THE RECORDS:
::::

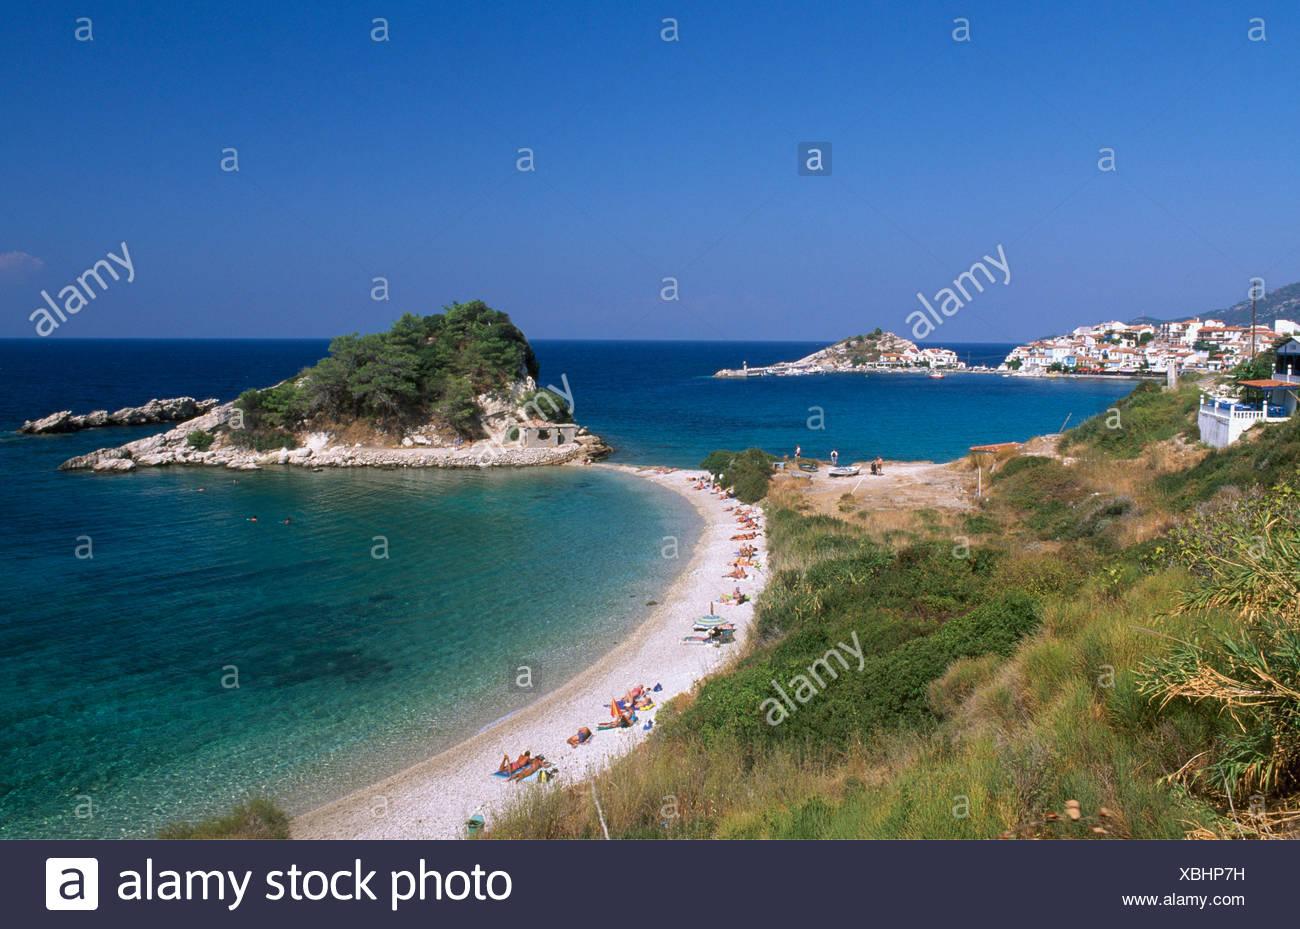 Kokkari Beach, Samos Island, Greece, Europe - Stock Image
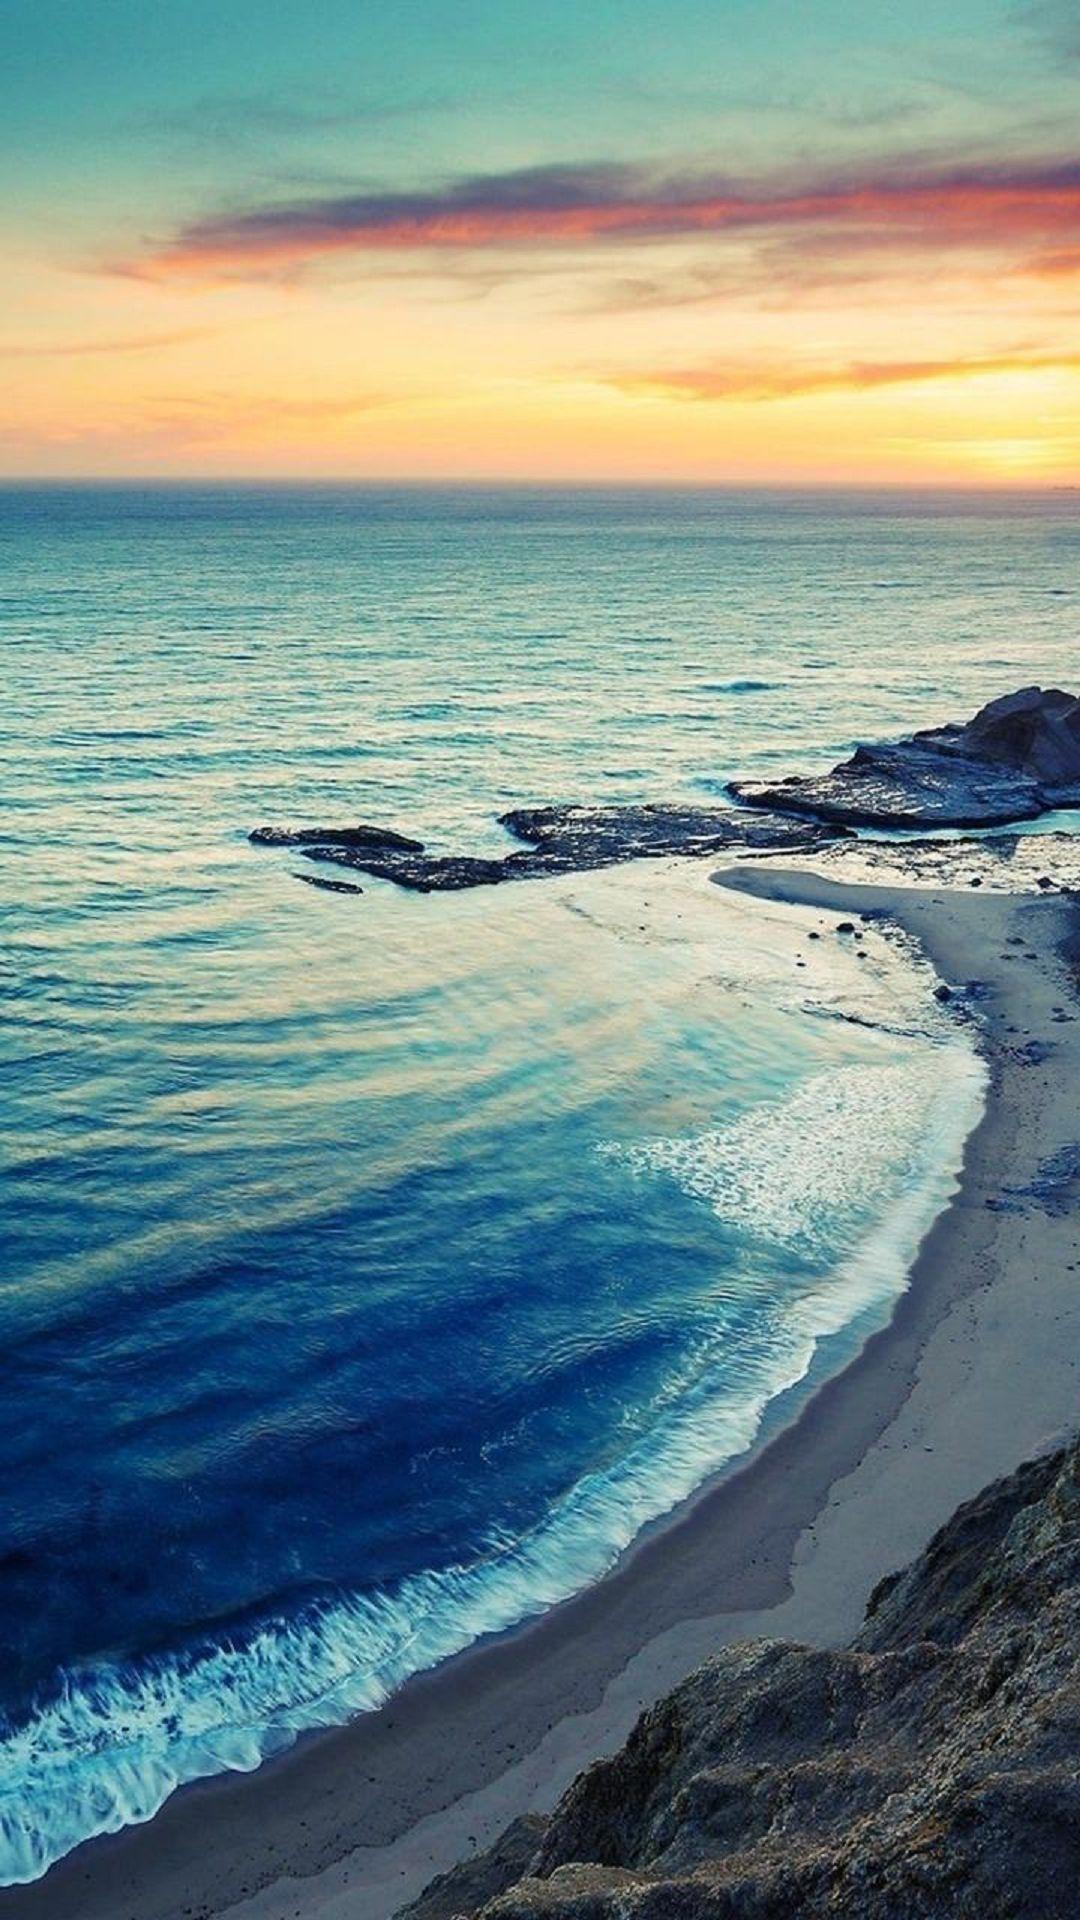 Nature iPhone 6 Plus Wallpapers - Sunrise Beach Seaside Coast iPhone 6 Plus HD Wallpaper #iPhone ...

::::

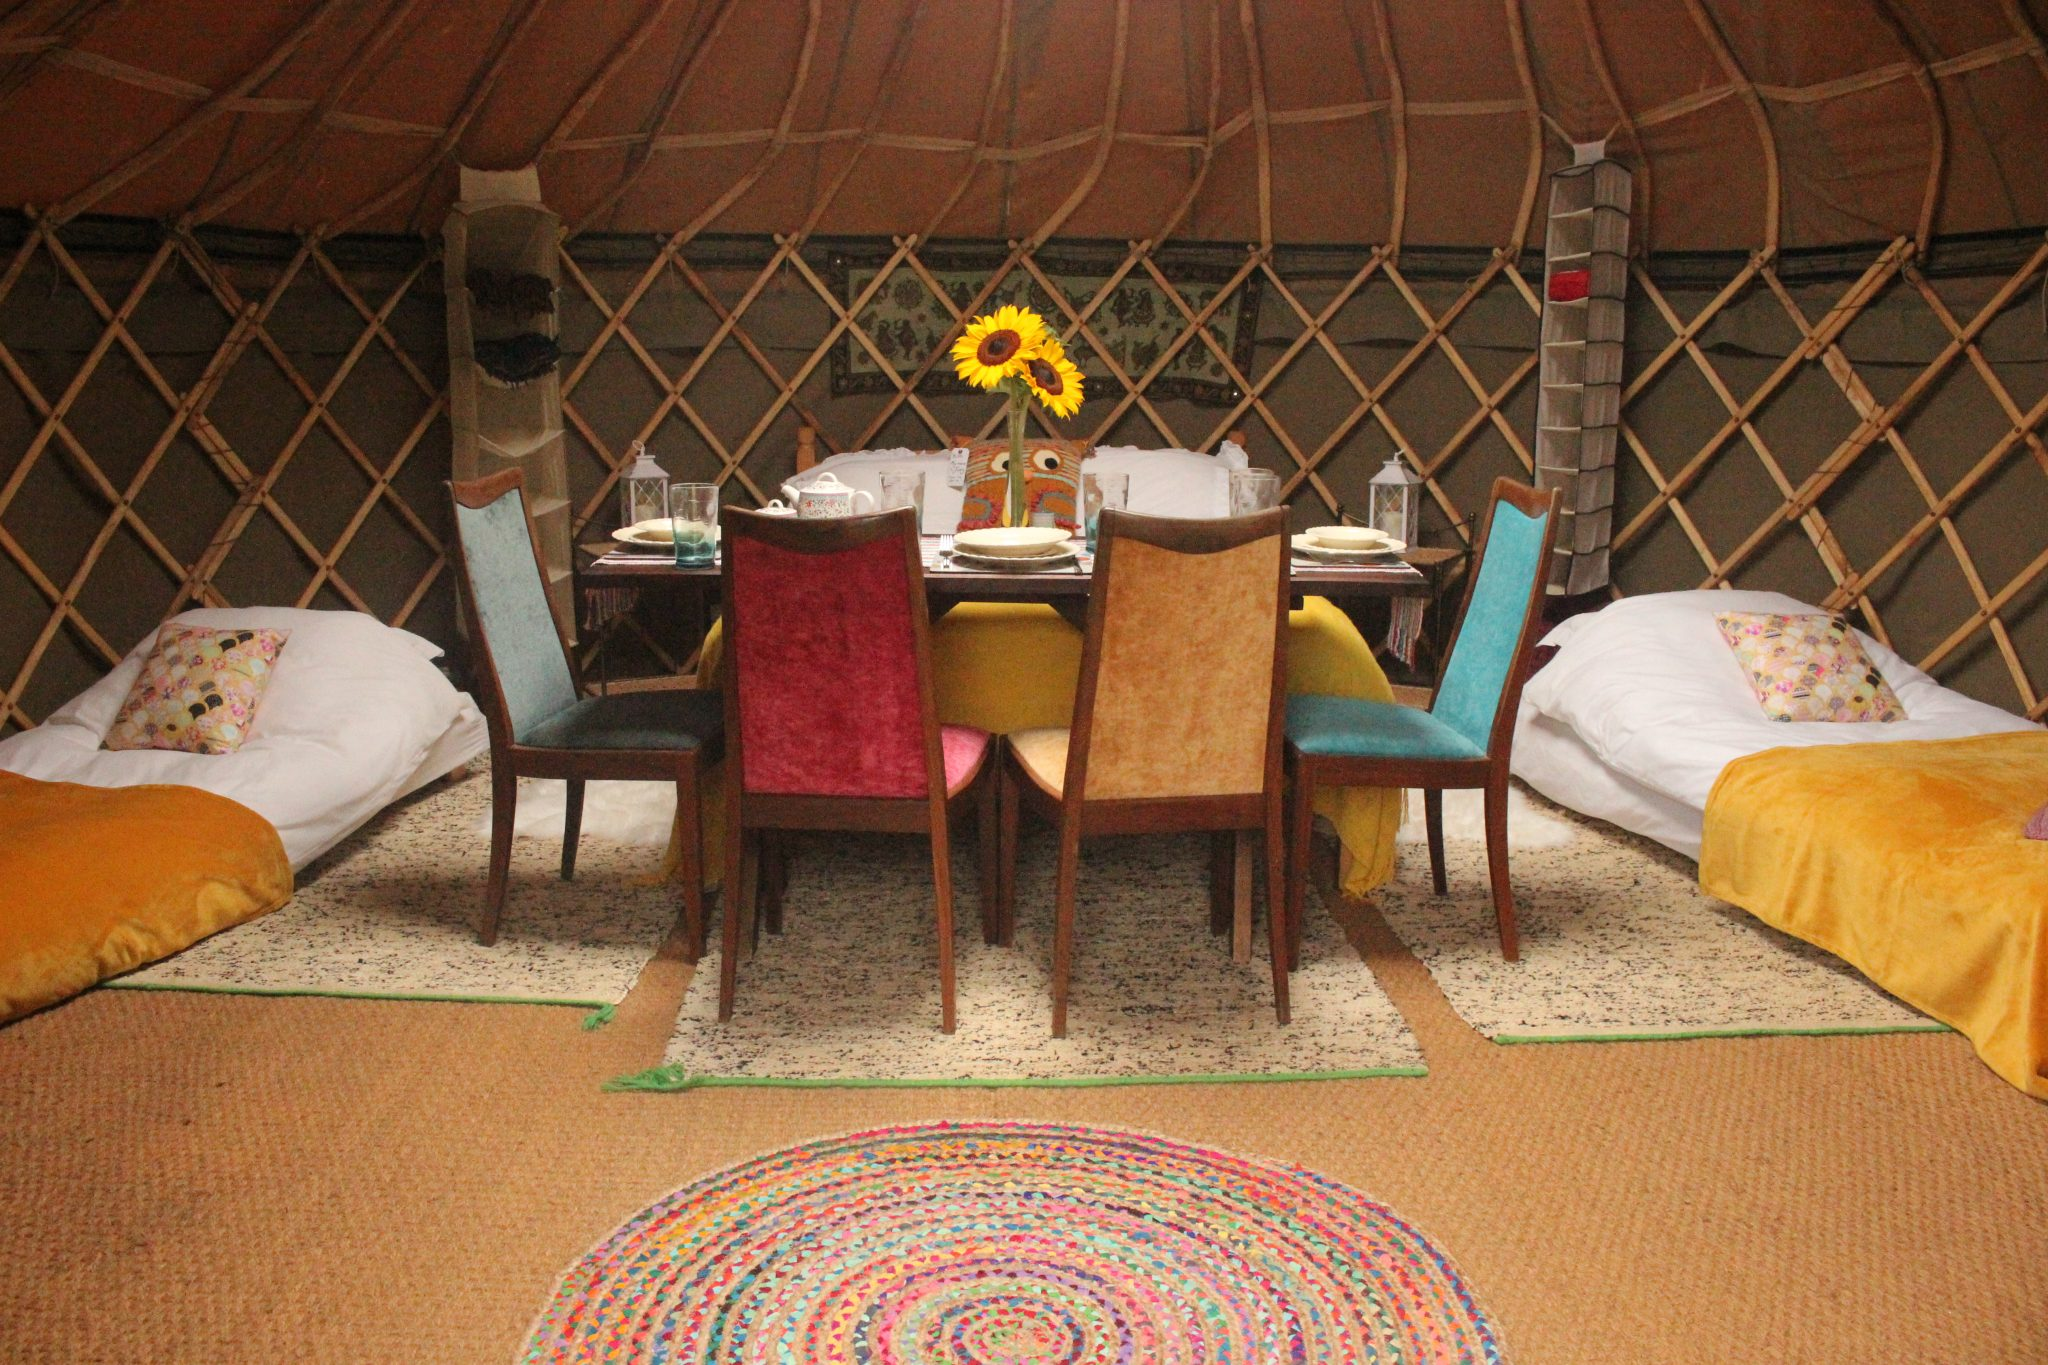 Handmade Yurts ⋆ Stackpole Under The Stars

::::

WHAT YOU SHOULD DO:
In the listing above, find the line with "Kokkari Beach, Samos" and output it and every line after it up to and including the line with "Nature iPhone 6", exactly, minus the pictures.

ANSWER TO THE PROBLEM:
 Kokkari Beach, Samos Island, Greece, Europe - Stock Image
 Nature iPhone 6 Plus Wallpapers - Sunrise Beach Seaside Coast iPhone 6 Plus HD Wallpaper #iPhone ...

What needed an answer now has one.